I remember reading an article, probably pre-covid though, that said every Friday night the planes from Los Angeles to Las Vegas were filled with college students, who spent the weekend stripping in clubs and returned late Sunday so they could go to Monday classes.

There is one strip club in Santa Barbara and it’s a funny story.

In California the law (or at least it used to be) is that topless places can serve booze and therefore you need to be 21 to enter. Full nude places can’t serve alcohol (so just juice, coffee, water) so you only have to be 18. Municipalities can ban them altogether. In the mid-90s some guy read the regulations and realized that a full nude place that didn’t serve food was legal in town. He quietly opened one in a non-residential area near the train station and there wasn’t a damn thing that they could do. The city counsel called an emergency meeting and fixed the loophole but homeboy was grandfathered in. In short order he sold out to the Spearmint Rhino chain and made a mint.

I went when it first opened with full permission from the wife to mock the evangelicals who I had heard were protesting out front but was disappointed to not see any.

the movie “the players club” had ‘Diamond’ stripping her way through college

Actual first-person account of a student-stripper.

And a campus magazine account of another one.

I think that a lot of the more attractive women who used to work at such place have found other avenues for exploiting their sexuality. I was acquainted, through my work, with one who did bachelor parties and such. She was quite attractive.
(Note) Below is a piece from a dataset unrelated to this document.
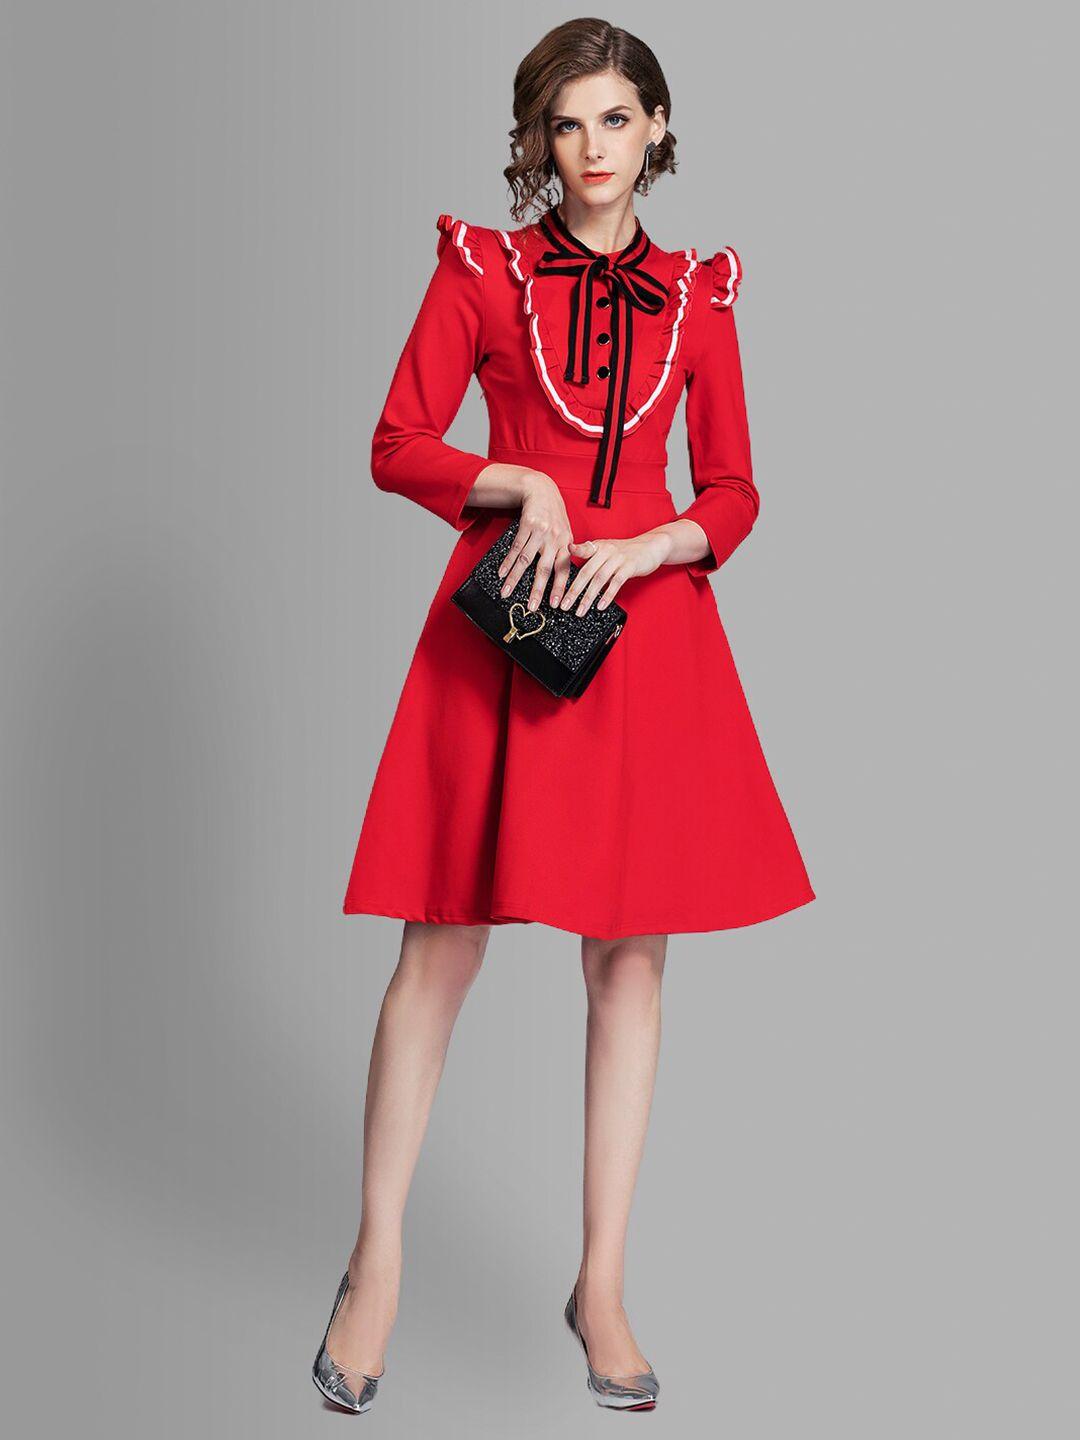 jc collection women red tie-up ruffled neck dress

These days I think that a lot of the clubs are the end of the line.

I would tend to think the opposite. A woman performing naked on stage knows that she is not creating a permanent record that might come back in the future. This is not true if she decides to perform on the internet or on film.
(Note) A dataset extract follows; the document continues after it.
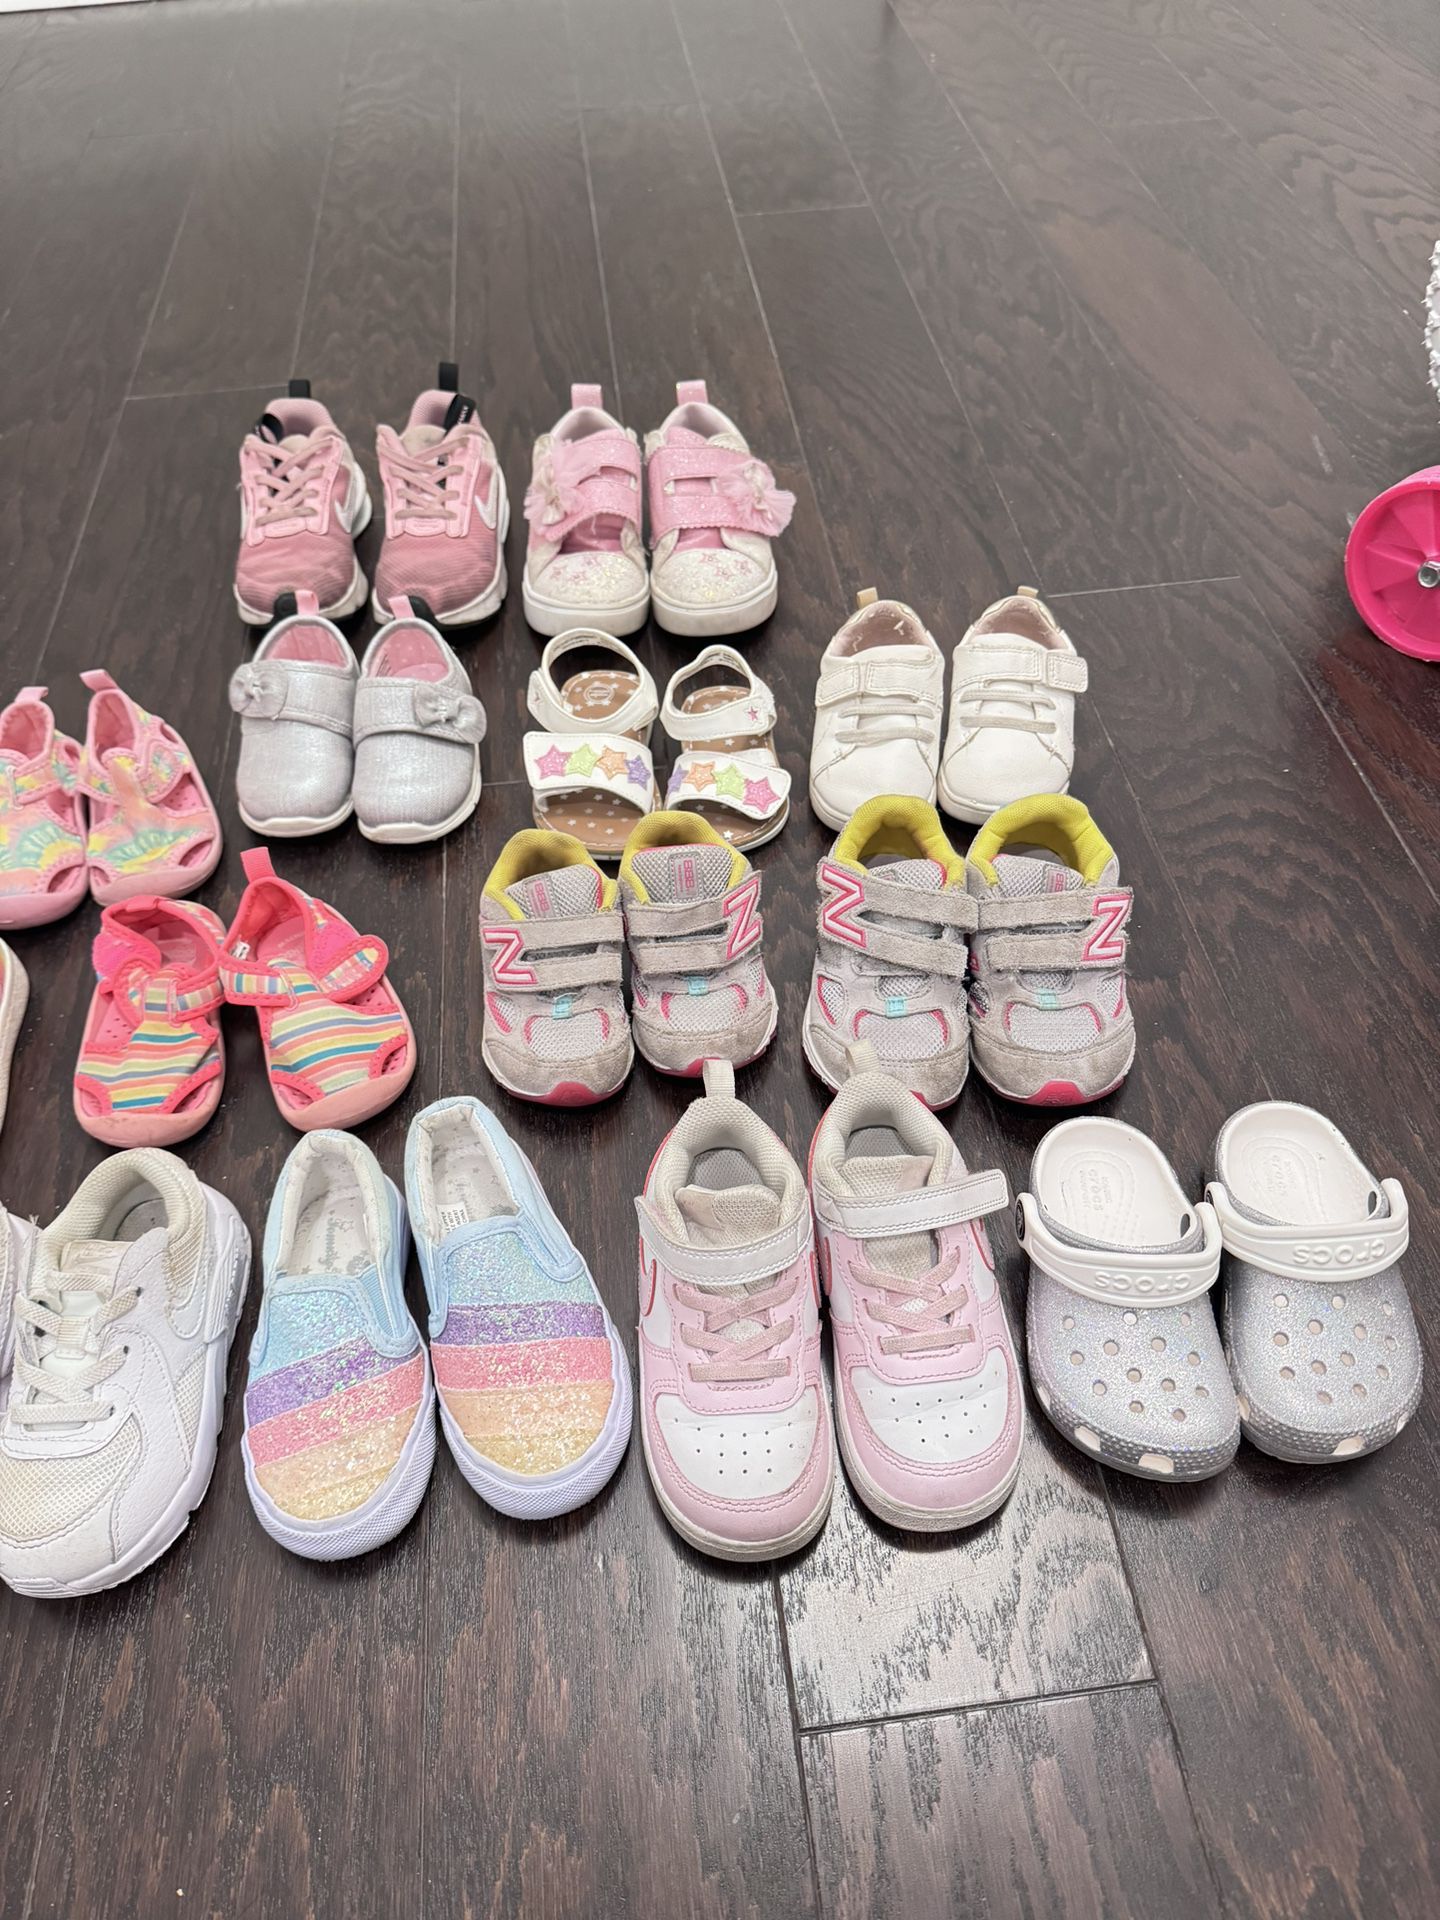 Kids Girl Shoes 1-3 Years Old

“Shit, man. I didn’t know they had a college that only took one-dollar bills.” -Chris Rock

“Pimpin’ got harder, 'cause hoes got smarter.” -Wyclef Jean

Permeant record or not, Sites like OnlyFans and presumably others let women monetize their sexuality without having to spend long nights having to dry-hump strangers for $20s.
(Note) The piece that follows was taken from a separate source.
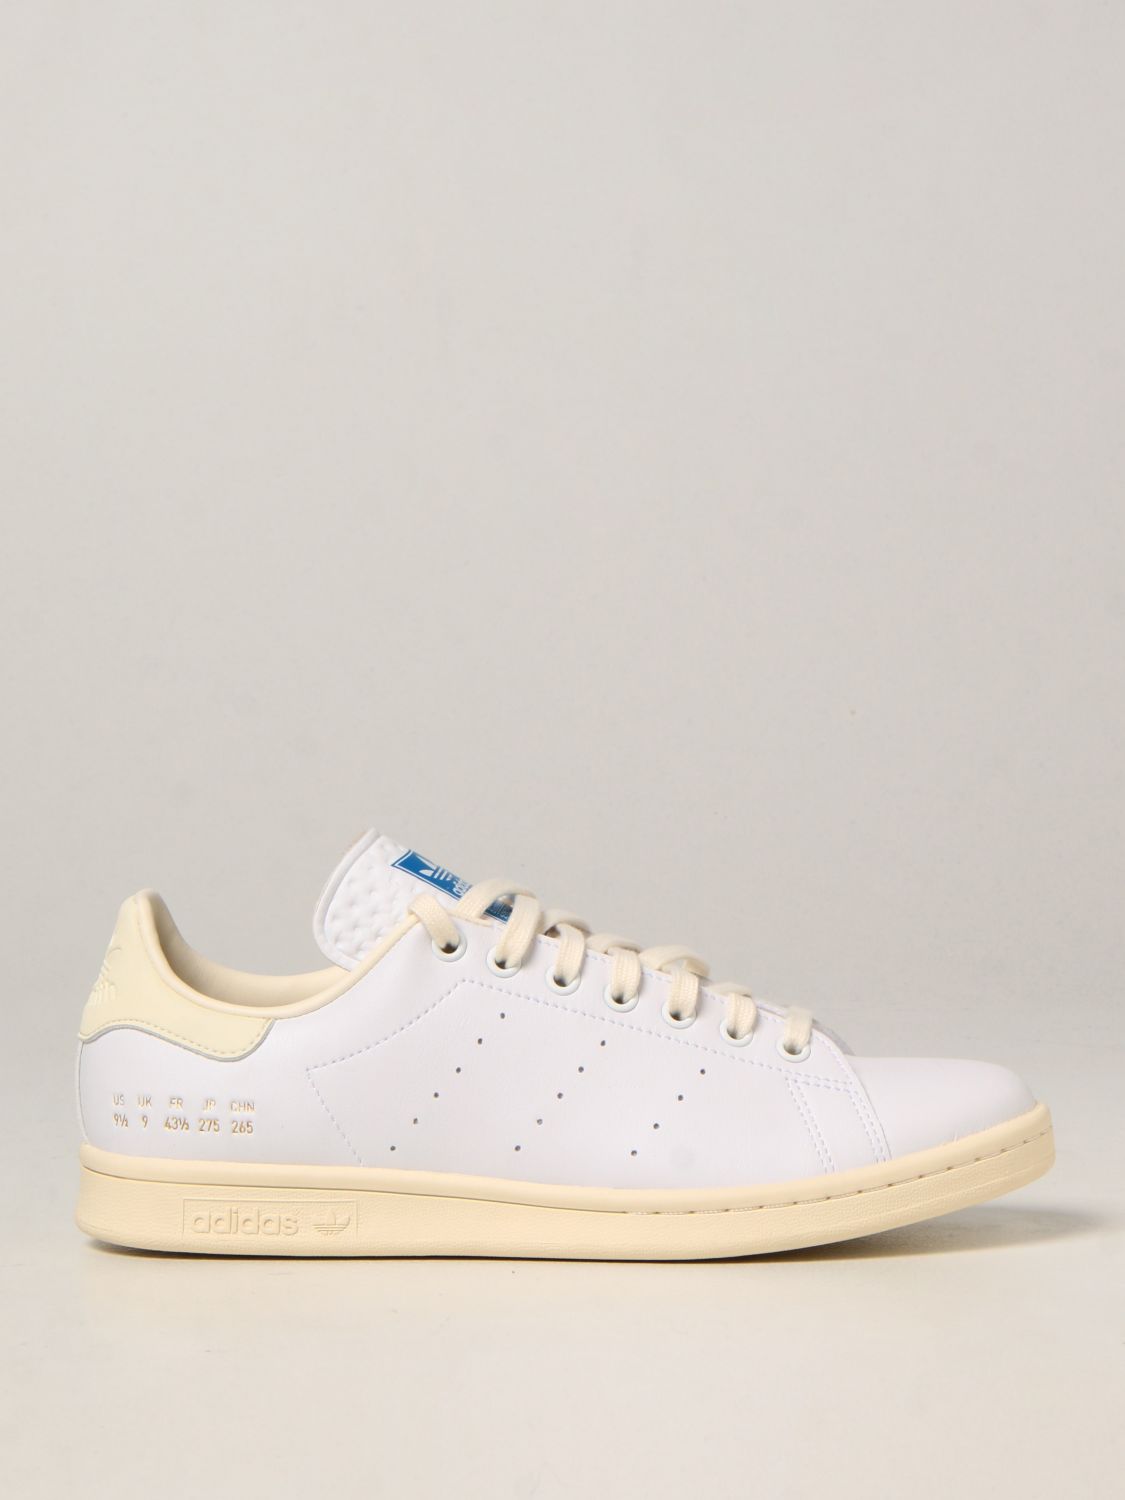 adidas originals stan smith trainers in white s80026

From my experience, I’ve never really seen fights or drug dealing like you might find in a nightclub or bar. Not that it doesn’t happen. I just think strip clubs are more of a chill environment. Mostly dudes drinking overpriced drinks and watching topless girls dance. Plus a lot of bouncers to make sure you don’t bother the girls. Bars and clubs you get dudes fighting over girls or drinking way too much and they tend to be a lot more crowded.

I would imagine that many of the girls might do coke or other drugs to keep their energy up throughout the evening. Plus talking to them, many strippers are into a general “party” lifestyle.

Prostitution wouldn’t surprise me. I can’t imagine paying $1000 to go to a VIP room unless I was getting something more out of it than a bottle of vodka and some lap dances.

Well. I only know one friend who is a stripper, but she claims she does not deal (or use) drugs. Sure that is no statistical sample, but we cannot assume it’s 100% drugs all the way down. If fact, those articles (“first-person accounts”) do not seem to mention drugs at all.

It does mention “pole dancing” but I have to point out that is not the same as stripping. In fact, I know an (unrelated) person who does pole dancing like you would go to a gymnastics studio or something. It is fun and good fitness.